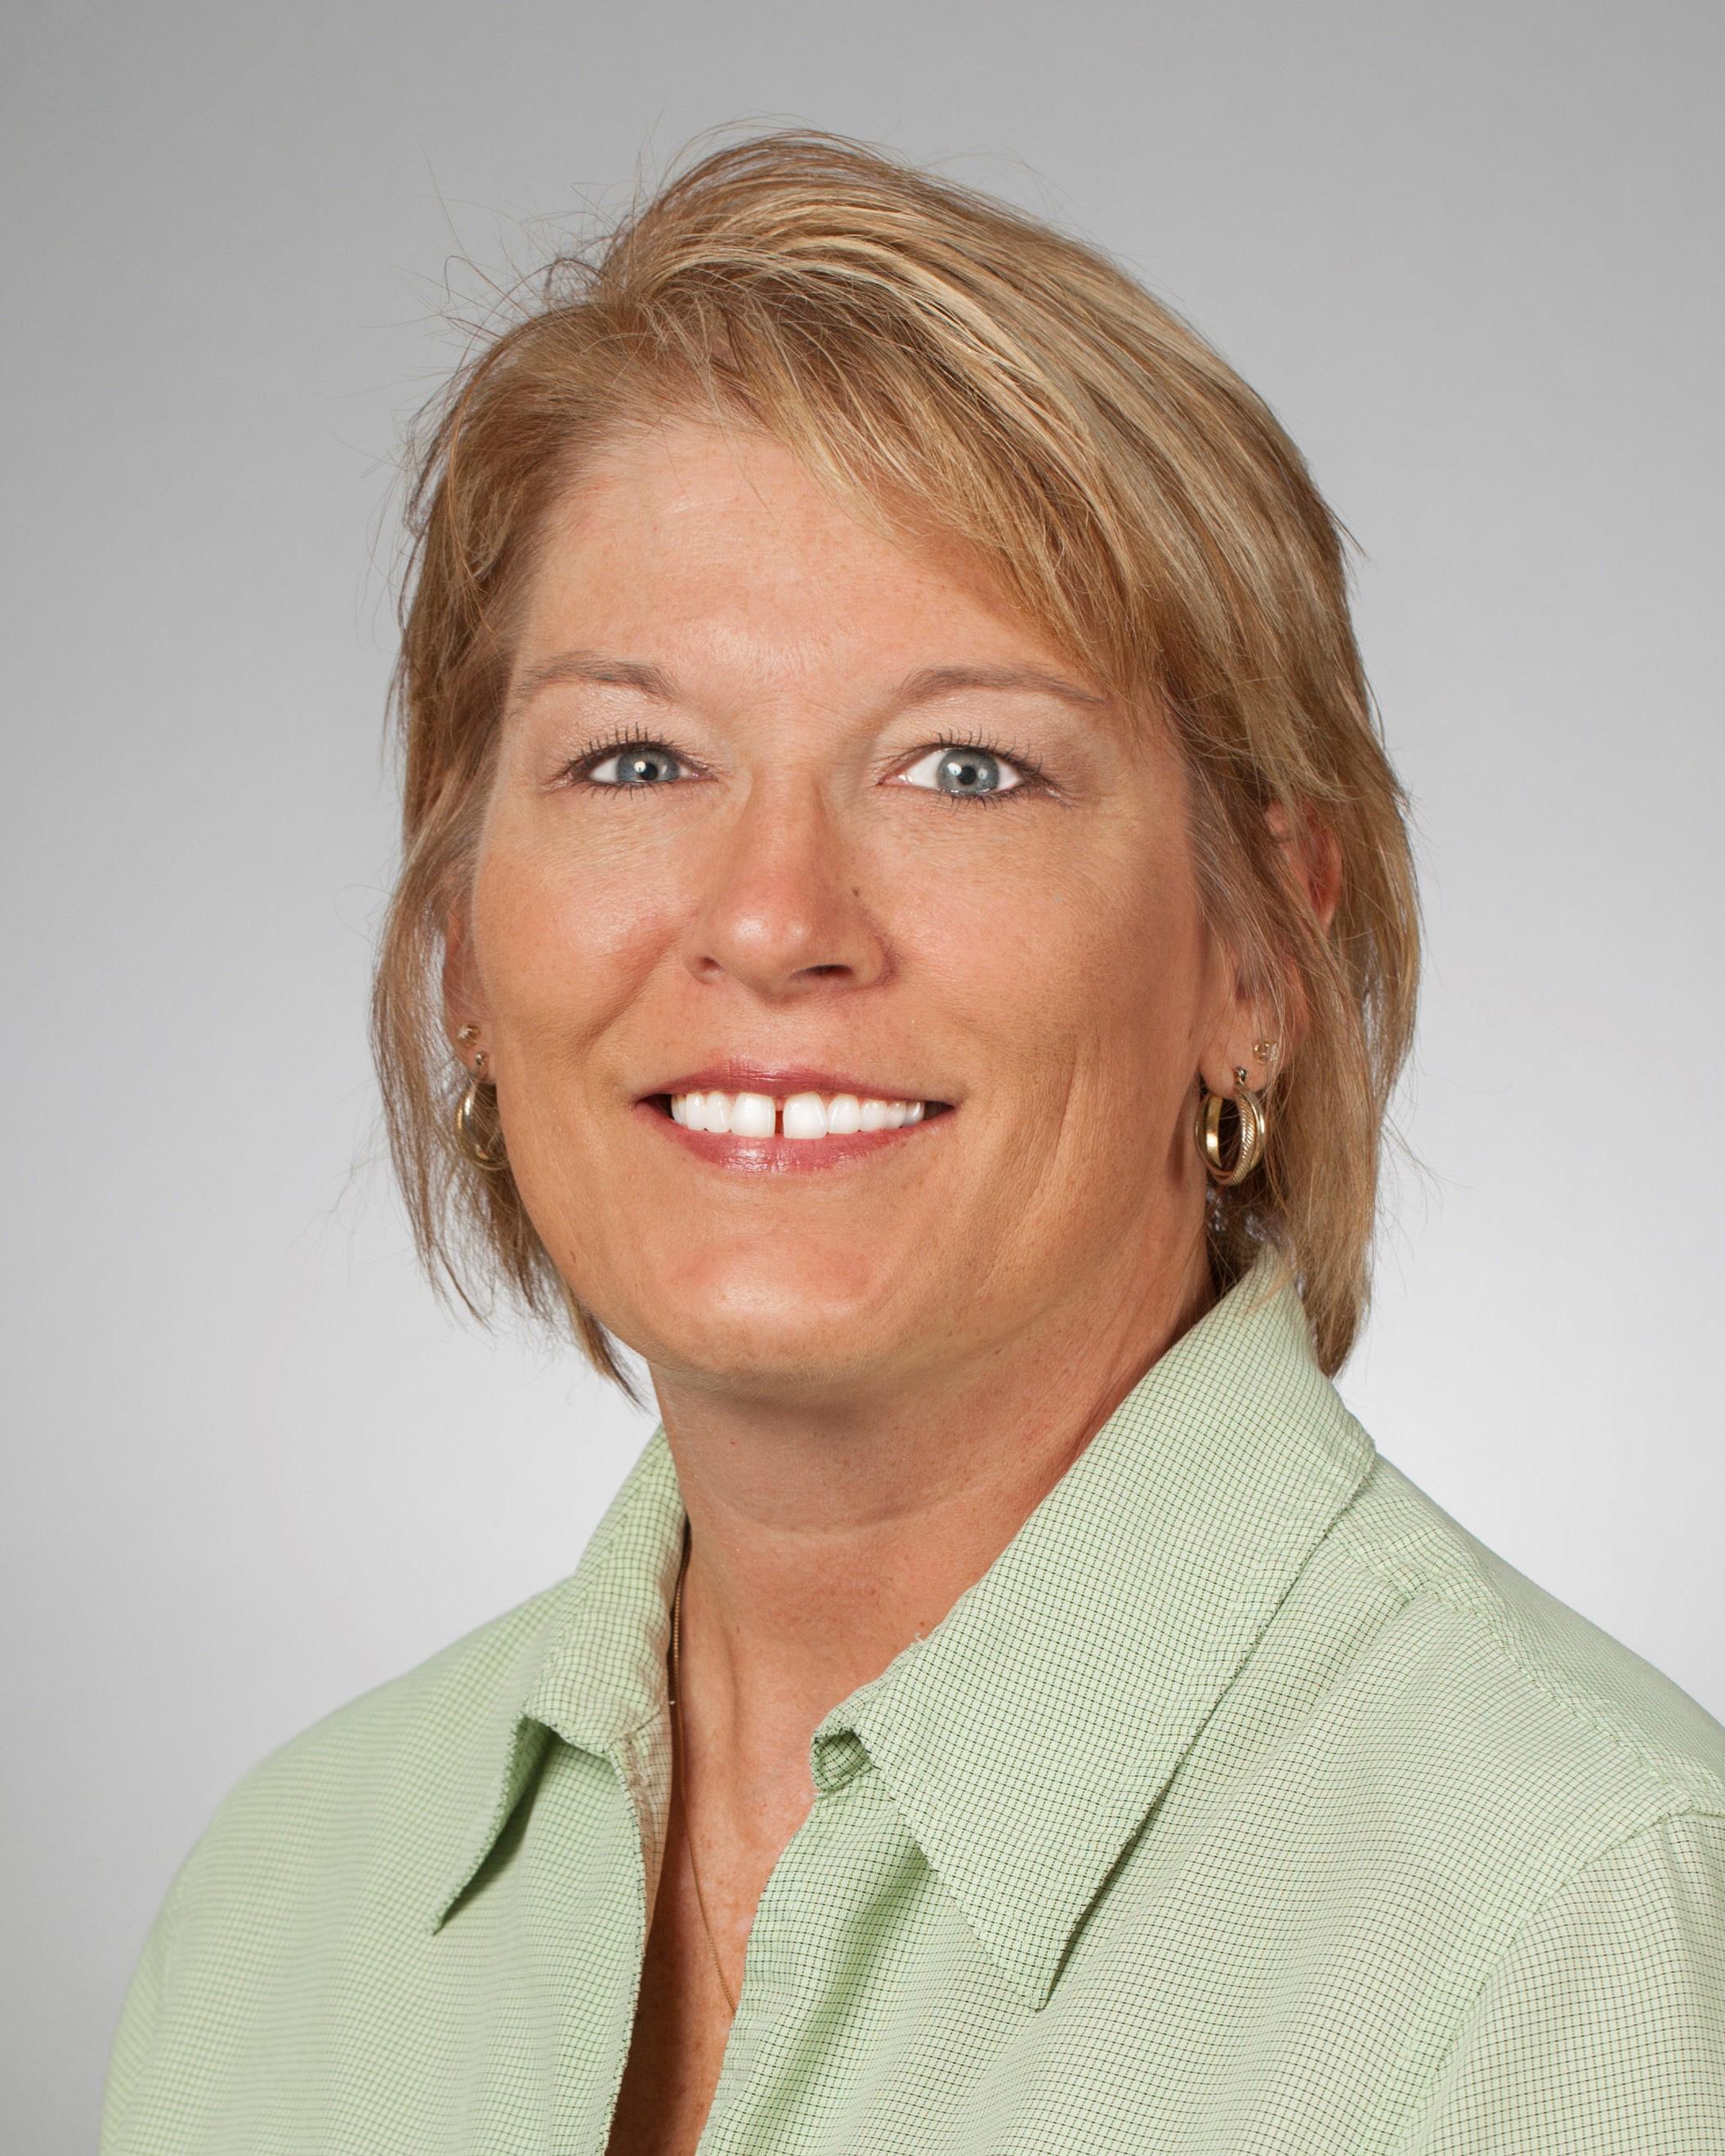 Picture of Karen Paulsen
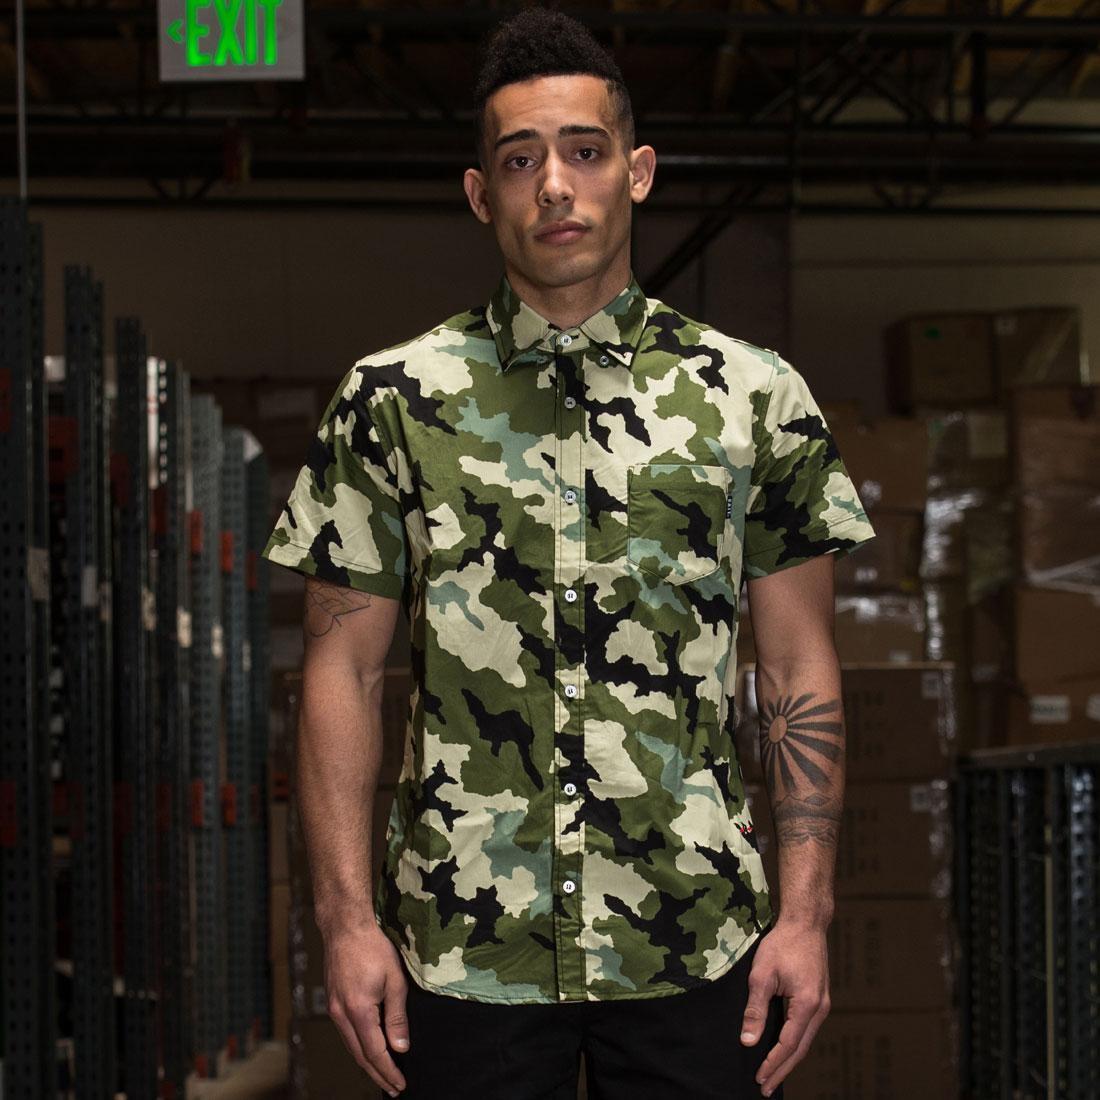 BAIT Basics Short Sleeve Shirt (camo)
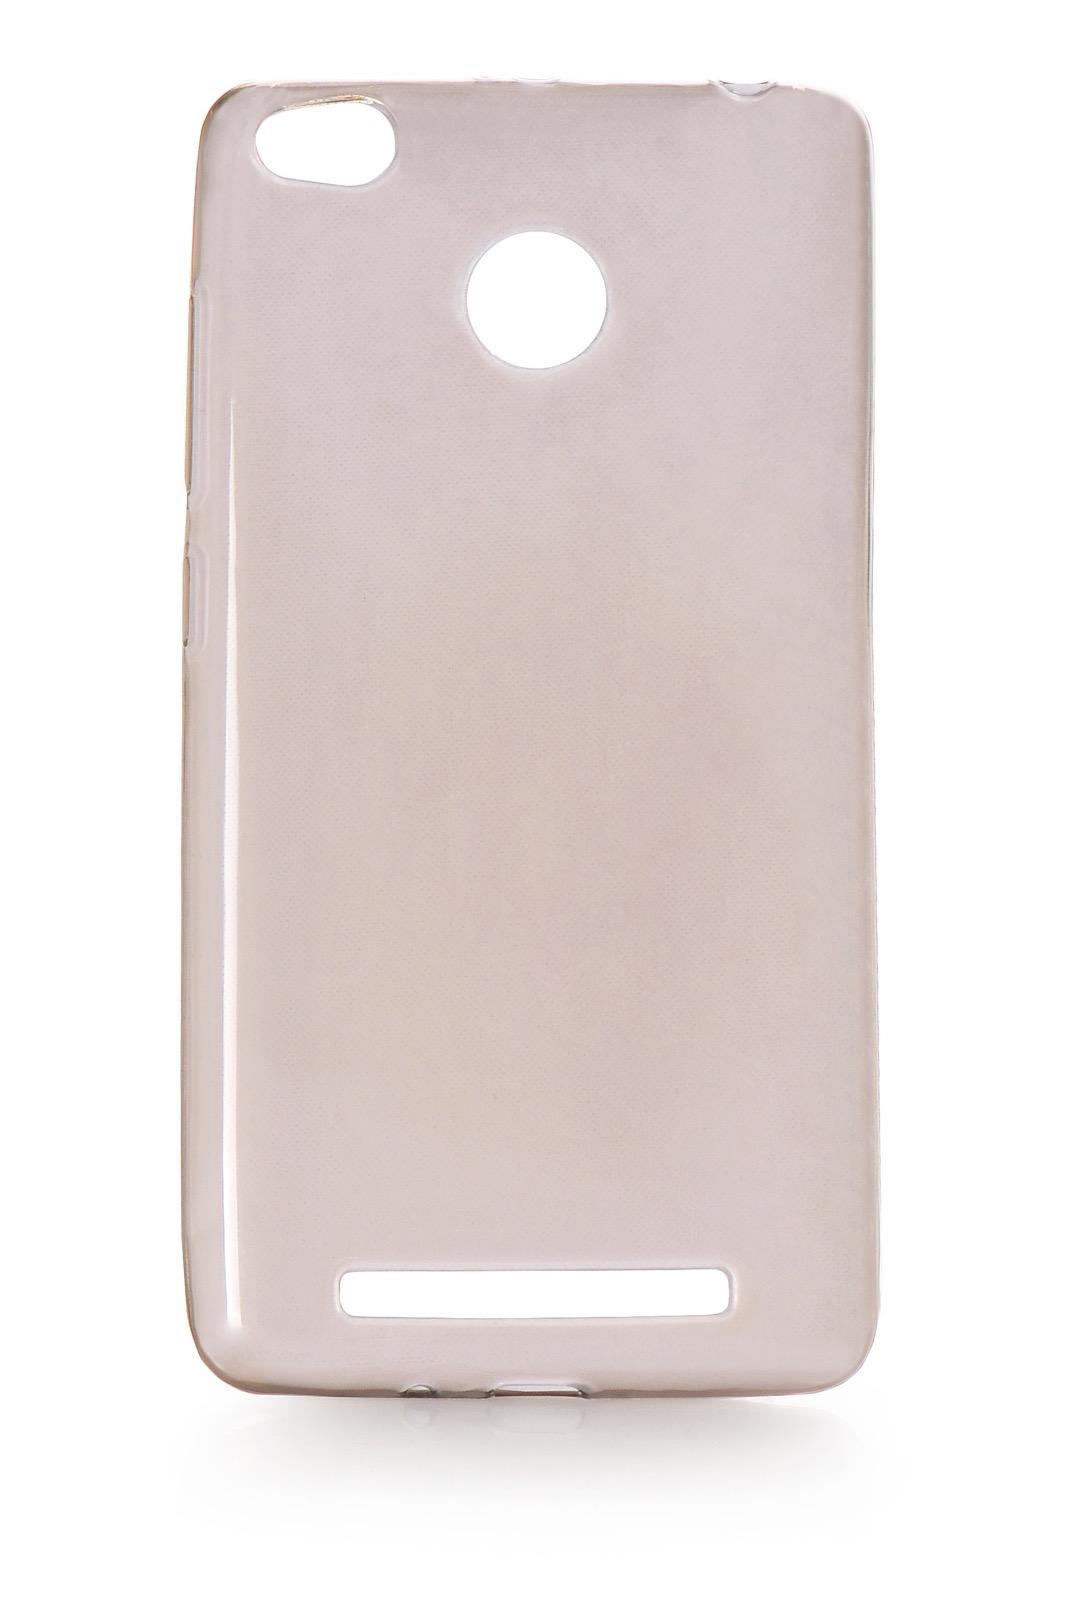 Чехол для сотового телефона iNeez накладка силикон прозрачный для Xiaomi Redmi Note 3, черный
——————————
• Work instruction: Each line above is to be repeated exactly as written; no picture is carried over.

• Result of the task:
 Picture of Karen Paulsen
 BAIT Basics Short Sleeve Shirt (camo)
 Чехол для сотового телефона iNeez накладка силикон прозрачный для Xiaomi Redmi Note 3, черный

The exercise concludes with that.